Иногда Розанна была довольно мила, всегда, когда смотрела на себя в зеркало, меряя какое-нибудь платье, тогда она была без гримасы. Во все почти остальное время у нее присутствовала на лице нервная гримаса, некий тик, это ее просто уродовало. Я уже сказал, что я любил, сидя в ее гостиной за столом у длинной стеклянной стены, все окна коридора и гостиной смотрелись на Хадсон-ривер, любил я сидеть и молчать. И темнело, и ветерок дул в лицо, и горели огни в Нью-Джерзи, на том берегу, и сердцу было так странно от полного одиночества, и хотя Розанн что-то говорила, порой о том, какие мы с ней друзья, и как хорошо, что мы друзья, или она жаловалась, почему я забываю, что я ее друг… Я мало слушал ее и смотрел на воду и имел интимные отношения с ветром.
Спустя, может быть, дней десять после четвертого июля я опять как-то выебал ее, уже с большим успехом, но тоже как будто стесняясь, что не оправдываю ее надежд, не ебу ее. По долгу службы, так сказать. Выебал, и естественно продолжал лежать в ее кровати, а она хотела спать от своих лекарств, но еще ворочалась.
Вдруг я вспомнил рассказ Славы-Дэвида о том, как его после пылкой любви выгнала с истерикой одна нью-йоркская девица, потому что она не могла, видите ли, спать с мужчинами, не привыкла.

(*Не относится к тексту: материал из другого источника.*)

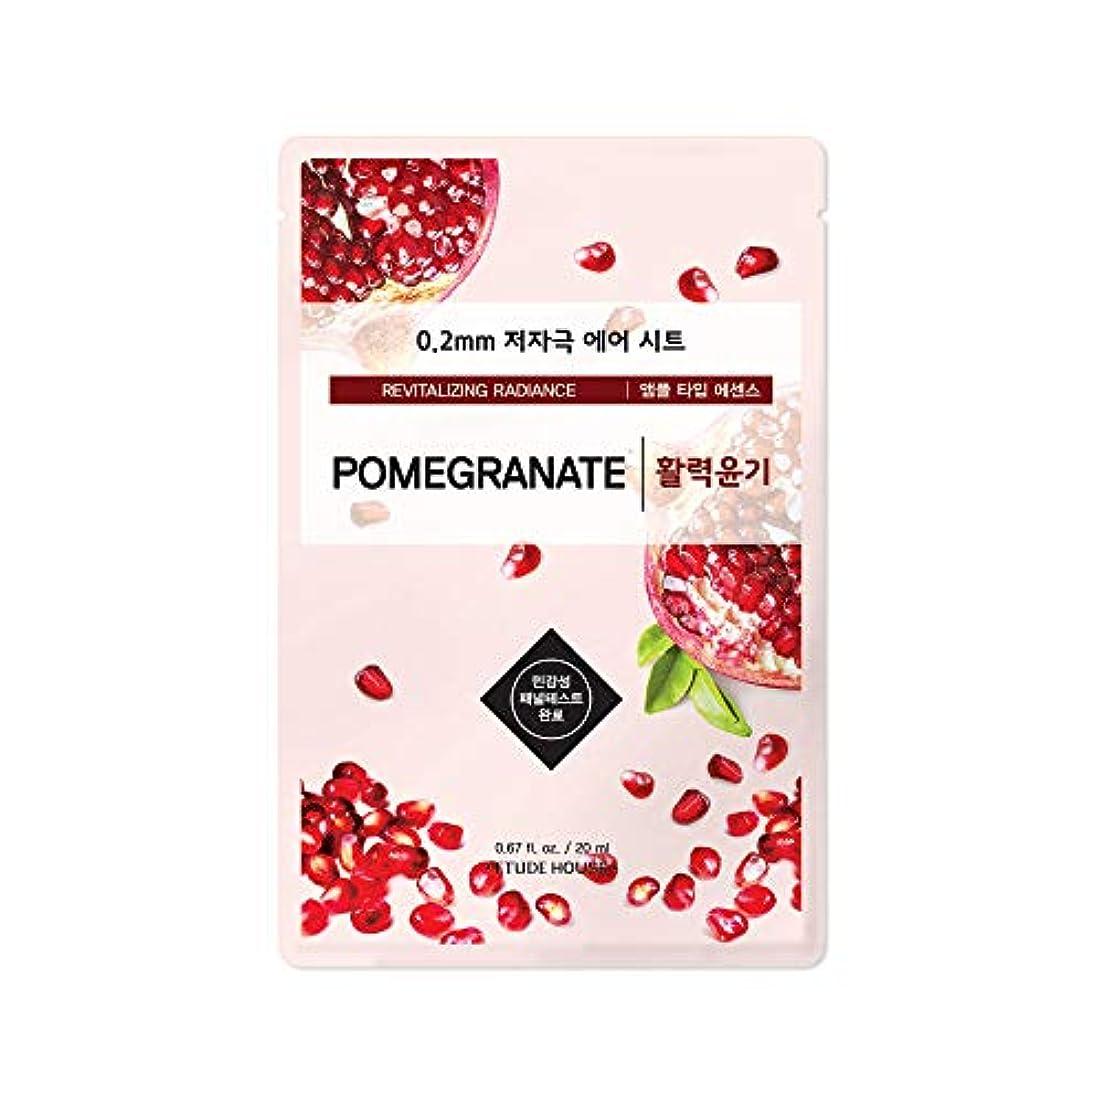 責め興奮する予知ETUDE HOUSE 0.2 Therapy Air Mask 20ml×10ea (#07 Pomegranate)/エチュードハウス 0.2 セラピー エア マスク 20ml×10枚 (#07 Pomegranate)

Любовь любовью, но сон должен быть стерильным, глубоким, спокойным.
Вспомнив это, и уважая свободу личности, как-никак я был не в СССР, я сказал засыпающей, копошащейся Розанн, не хочет ли она остаться одна, что хотя и поздно, я спокойно могу отправиться домой. Я имел заднюю мысль избавиться от утра, от ее вскакивания в шесть часов и от истерической обстановки утра.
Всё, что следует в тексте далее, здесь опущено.